# Thank you



## Skillet (Apr 19, 2013)

I just wanted to thank all you slingshot gurus for sharing your know how and expertise with people like me. I've made a couple slingshots now and am having a lot of fun with them. This is a great site. I'm also attaching a pic of my rudimentary






start.


----------



## bigron (Nov 29, 2012)

that is a awesome start welcome to the forum


----------



## Btoon84 (Nov 22, 2011)

Off to a good start! Some nice frames there as well.
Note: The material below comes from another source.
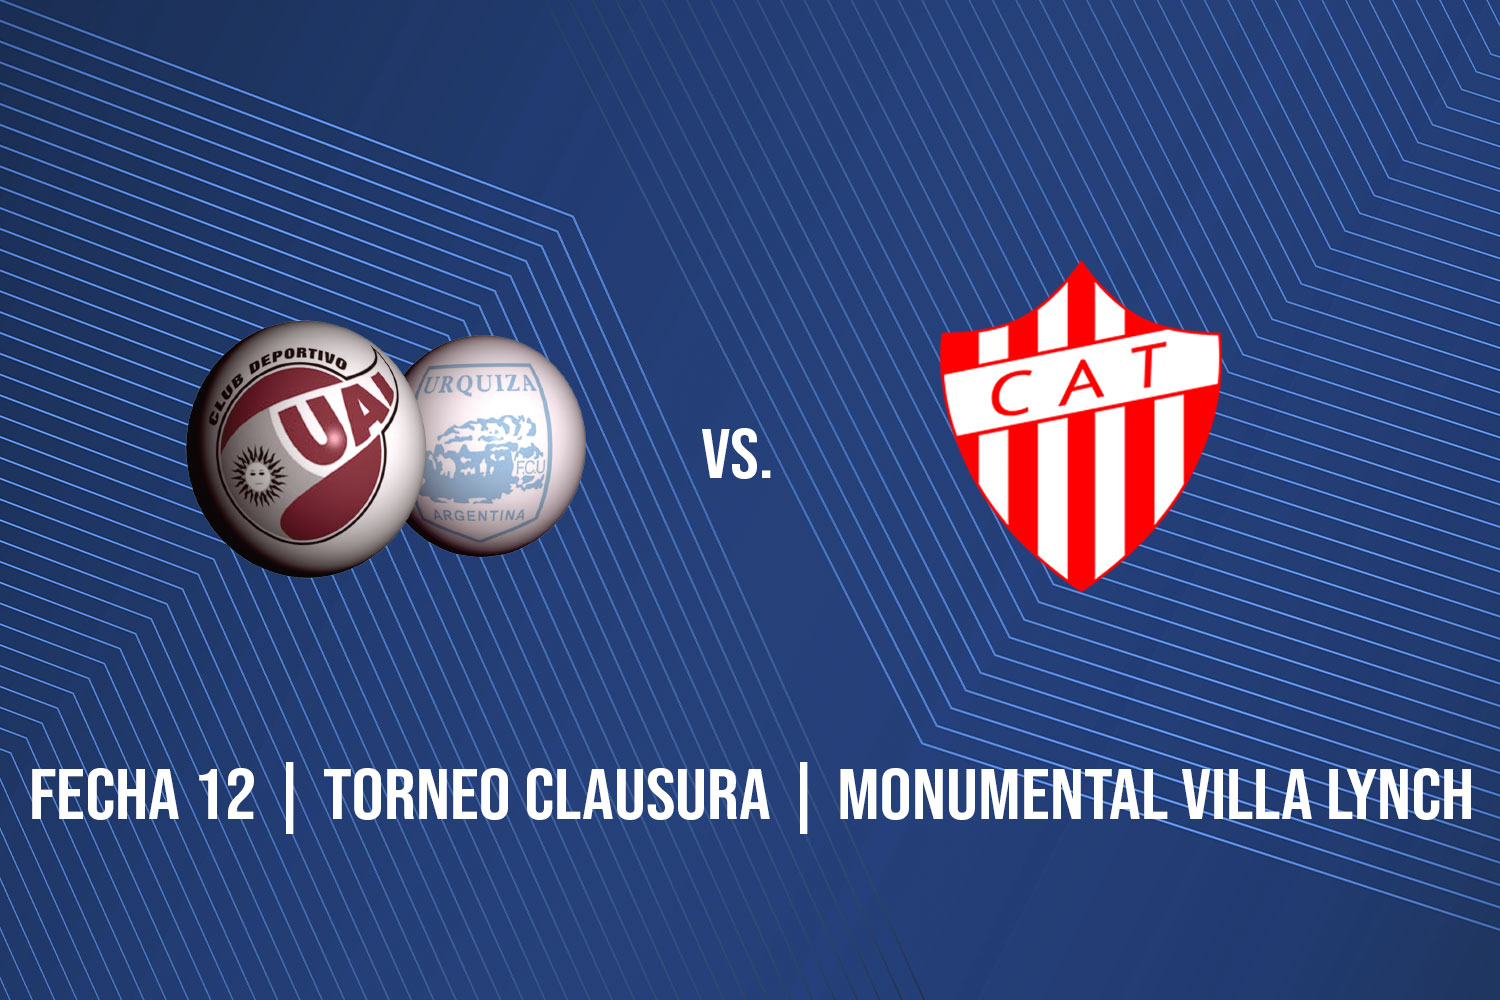 Talleres Remedios vs. UAI Urquiza - 12 December 2021 - Soccerway

Welcome aboard buddy


----------



## Imperial (Feb 9, 2011)

those frames look pretty good, in a year or two your gonna be looking back at them and think, wow that was me ? keep on building and shooting, its the only way to know whats going to work for you.


----------



## Viper010 (Apr 21, 2012)

looks like the beginnings of a fine collection! welcome to the madness.

cheers, remco


----------



## Saderath (Jan 1, 2013)

Welcome!


----------



## treefork (Feb 1, 2010)

Welcome to the forum. Lots of fun to be had.


----------



## Strom (Apr 9, 2013)

Well done Skillet,

Welcome to the forum, Your frames look great! Keep up the good work. Where in Al are you, I'm just south of Samson, in Geneva county right over the FL line.

Eric


----------



## Skillet (Apr 19, 2013)

I'm In Clay just north of Birmingham.


----------